As always when she touched me, I was baffled. She seemed to consider me outside the struggle while yet a part of it. On the Stair of Tear, on the eve of the most savage sorcerous struggle ever I witnessed, she came to promise me I would come to no harm. She seemed intrigued with my lesser role as Company historian. Back when, she insisted I record events as they happened. Without regard to pleasing anyone. I had done so within the limits of my prejudices.
"The heat in the crucible is rising, physician. Your White Rose is crafty. Her attack behind the Limper was a grand stroke. But insignificant on the broader canvas. Don't you agree?"
How could I argue? I did agree.
"As your spies have no doubt reported, five armies stand poised to cleanse the Plain of Fear. It is a strange and unpredictable land. But it will not withstand what is being marshaled."
Again I could not argue, for I believed her. I could but do what Darling so often spoke of: Buy time. "You may be surprised."
"Perhaps. Surprises have been calculated into my plans. Come out of that cold waste, Croaker. Come to the Tower. Become my historian."
This was as near temptation as ever she had come. She spoke to a part of me I do not understand, a part almost willing to betray comrades of decades. If I went, there was so much I would know. So many answers illuminated. So many curiosities satisfied.

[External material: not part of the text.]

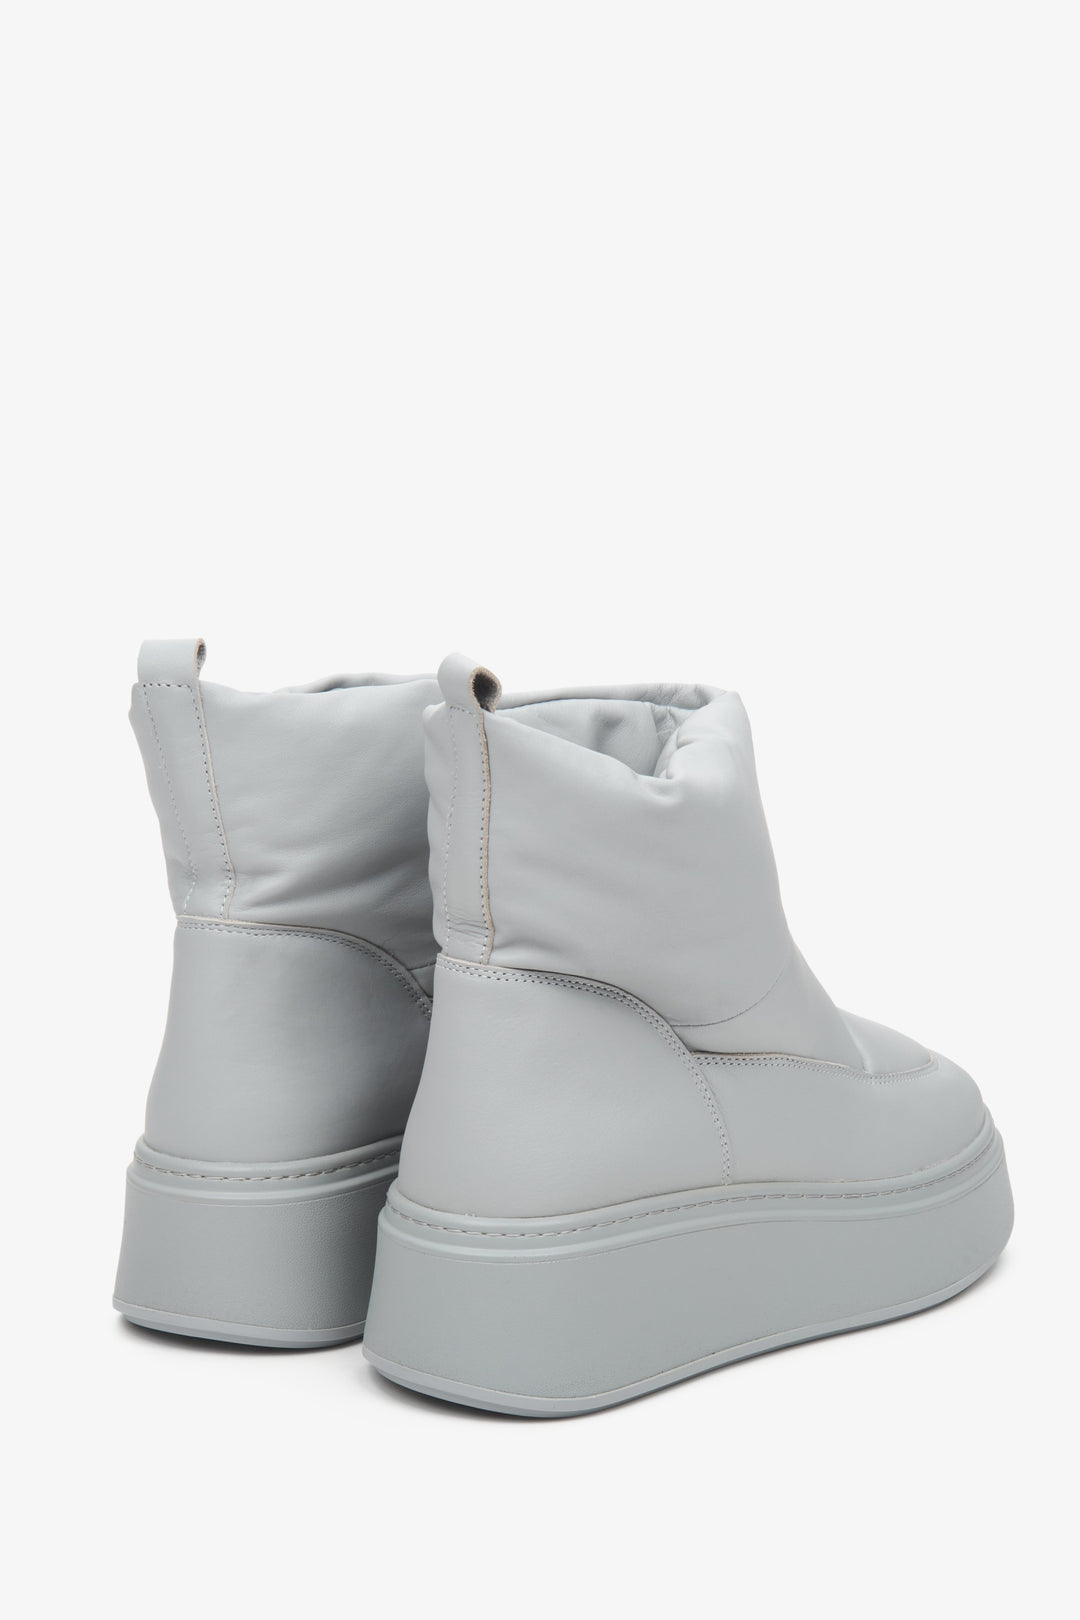 Estro women's grey leather winter snow boots with natural fur - close-up on the heel and side seam.

"You escaped us at Queen's Bridge."
Heat climbed my neck. During our years on the run the Lady's forces had overtaken us several times. Queen's Bridge was the worst. A hundred brothers had fallen there. And to my shame, I left the Annals behind, buried in the river bank. Four hundred years worth of Company history, abandoned.
There was just so much that could be carried away. The papers down in the Hole were critical to our future. I took them instead of the Annals. But I suffer frequent bouts of guilt. I must answer the shades of brethren who have gone before. Those Annals are the Black Company. While they exist, the Company lives.
"We escaped and escaped, and will continue to escape. It is fated."
She smiled, amused. "I have read your Annals, Croaker. New and old."
I began throwing wood onto the embers of my fire. I was not dreaming. "You have them?" Till that moment I had silenced guilt with promises to recover them.
"They were found after the battle. They came to me. I was pleased. You are honest, as historians go."